Sono passati tre anni. Nessuna vera collaborazione c’è stata da parte delle autorità giudiziarie egiziane e dopo l’iscrizione nel registro degli indagati, da parte della procura italiana, di cinque funzionari dei Vostri apparati di sicurezza, la procura egiziana ha interrotto tutte le interlocuzioni.
Oggi sappiano che Giulio è stato sequestrato da funzionari dei Vostri apparati di sicurezza e lo sappiamo grazie al lavoro incessante degli investigatori e dei procuratori italiani e dei nostri legali.
Lei è venuto meno alla sua promessa.
Lei, lo apprendiamo dai media, ha un potere smisurato.

Risulta, quindi, difficile da credere che chi ha sequestrato, torturato, ucciso nostro figlio Giulio, chi ha mentito, gettato fango sulla sua persona, posto in essere innumerevoli depistaggi, organizzato l’uccisione di cinque innocenti ai quali è stata attribuita la responsabilità dell’omicidio di nostro figlio, tutte queste persone abbiano agito a Sua insaputa o contro la sua volontà.
Non possiamo più accontentarci delle sue condoglianze né delle sue promesse mancate.

Così i genitori di Giulio. Hanno dichiarato quella verità che in Egitto negano. Un durissimo affondo per non essere complici di chi nega giustizia e verità.

 Zola, concludeva, la sua lettera, in questo modo:

E l'atto che io compio non è che un mezzo rivoluzionario per accelerare l'esplosione della verità e della giustizia. Ho soltanto una passione, quella della luce, in nome dell'umanità che ha tanto sofferto e che ha diritto alla felicità. La mia protesta infiammata non è che il grido della mia anima. Che si osi dunque portarmi in assise e che l'indagine abbia luogo al più presto. Io aspetto. Vogliate gradire, signor Presidente, l'assicurazione del mio profondo rispetto.

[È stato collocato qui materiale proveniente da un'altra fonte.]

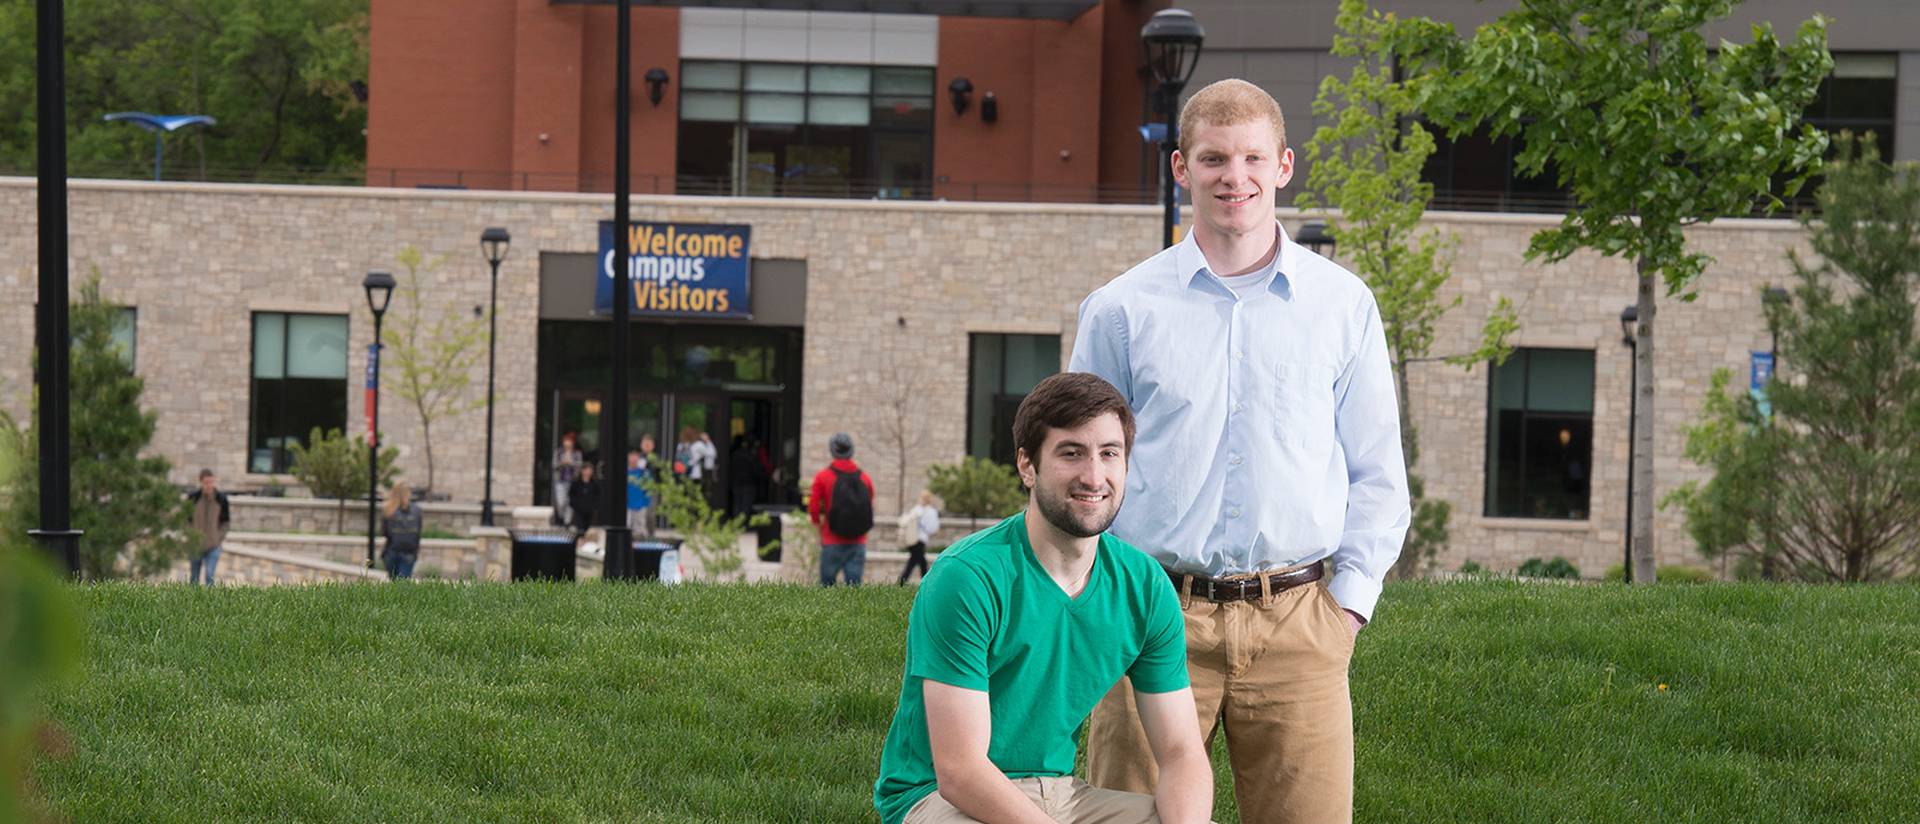 Recent UW-Eau Claire biology graduates Jared Metropulos, left, and Brandon Stradel have been accepted to the inaugural class of the Medical College of Wisconsin-Green Bay.
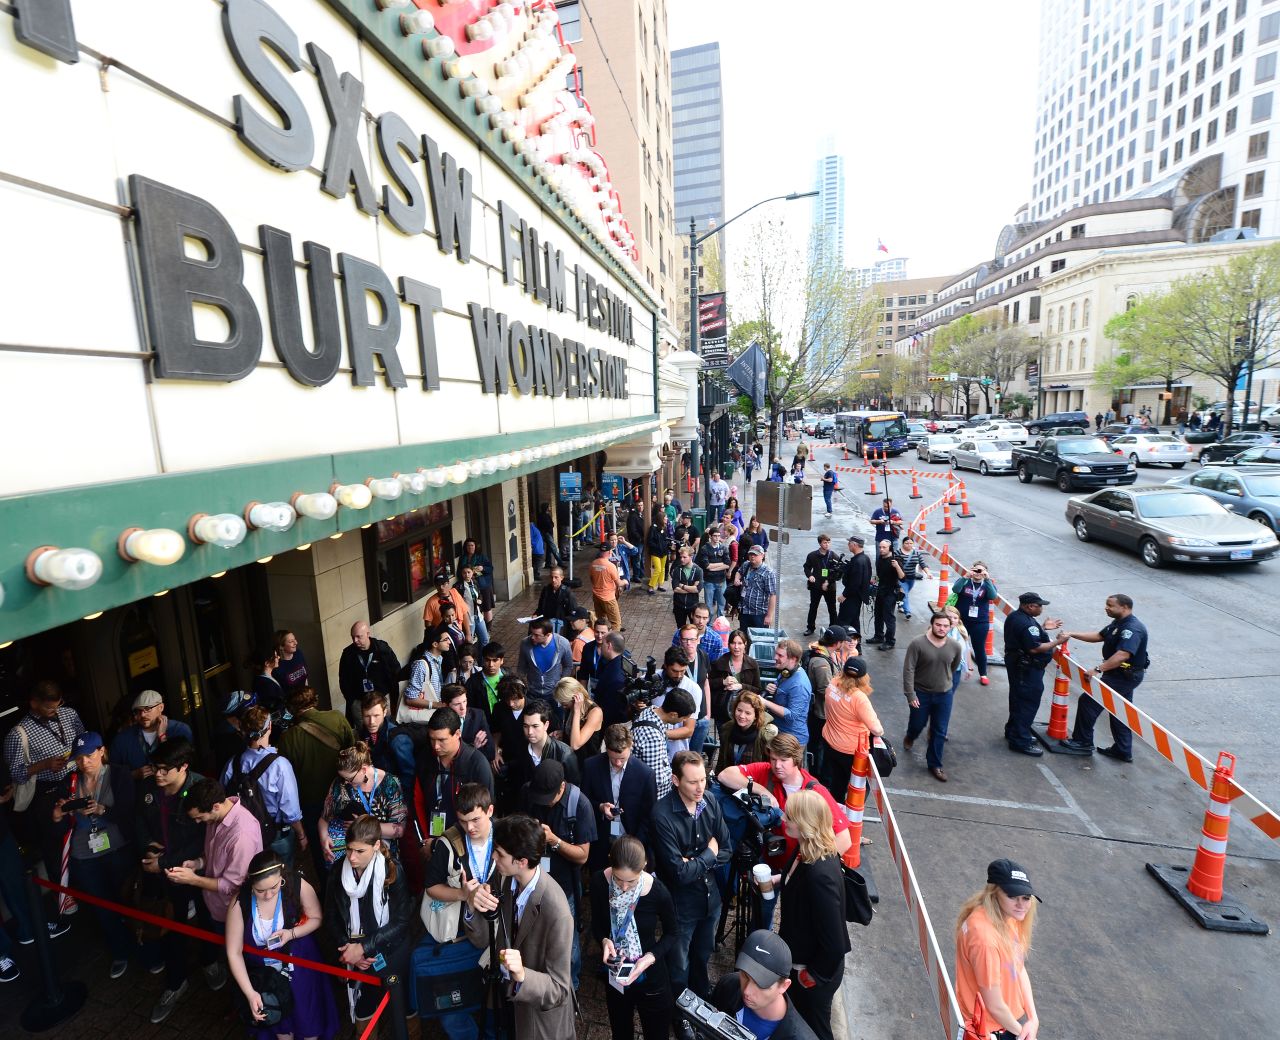 Fans line up for a screening of "The Incredible Burt Wonderstone" on Friday, March 8.

 Così i genitori di Giulio:

Generale, Lei sa bene che la forza di un uomo e ancor più di un capo di Stato non può basarsi sulla paura ma sul rispetto. E non si può pretendere rispetto se si viene meno ad una promessa fatta a dei genitori ed a un intero Paese orfano di uno dei suoi figli. Giulio, lo sa bene anche lei, era un portatore di Pace, Giulio amava il popolo egiziano: ha imparato la Vostra lingua e ha fatto diversi soggiorni al Cairo cercando di vivere come un egiziano. Invece, è morto come, purtroppo, muoiono tanti egiziani.(...) Finché questa barbarie resterà impunita, finché i colpevoli, tutti i colpevoli, qualsiasi sia il loro ruolo, grado o funzione, non saranno assicurati alla giustizia italiana, nessun cittadino al mondo potrà più recarsi nel Vostro Paese sentendosi sicuro. E dove non c’è sicurezza non può esserci né amicizia né pace.

Una lettera profonda, scritta in tre lingue, italiano, inglese e arabo, che ha come destinatario non solo il Presidente e Generale egiziano, ma anche l'Egitto e quel mondo che non si rassegna alla menzogna, per chiudersi "con l’augurio di verità e giustizia".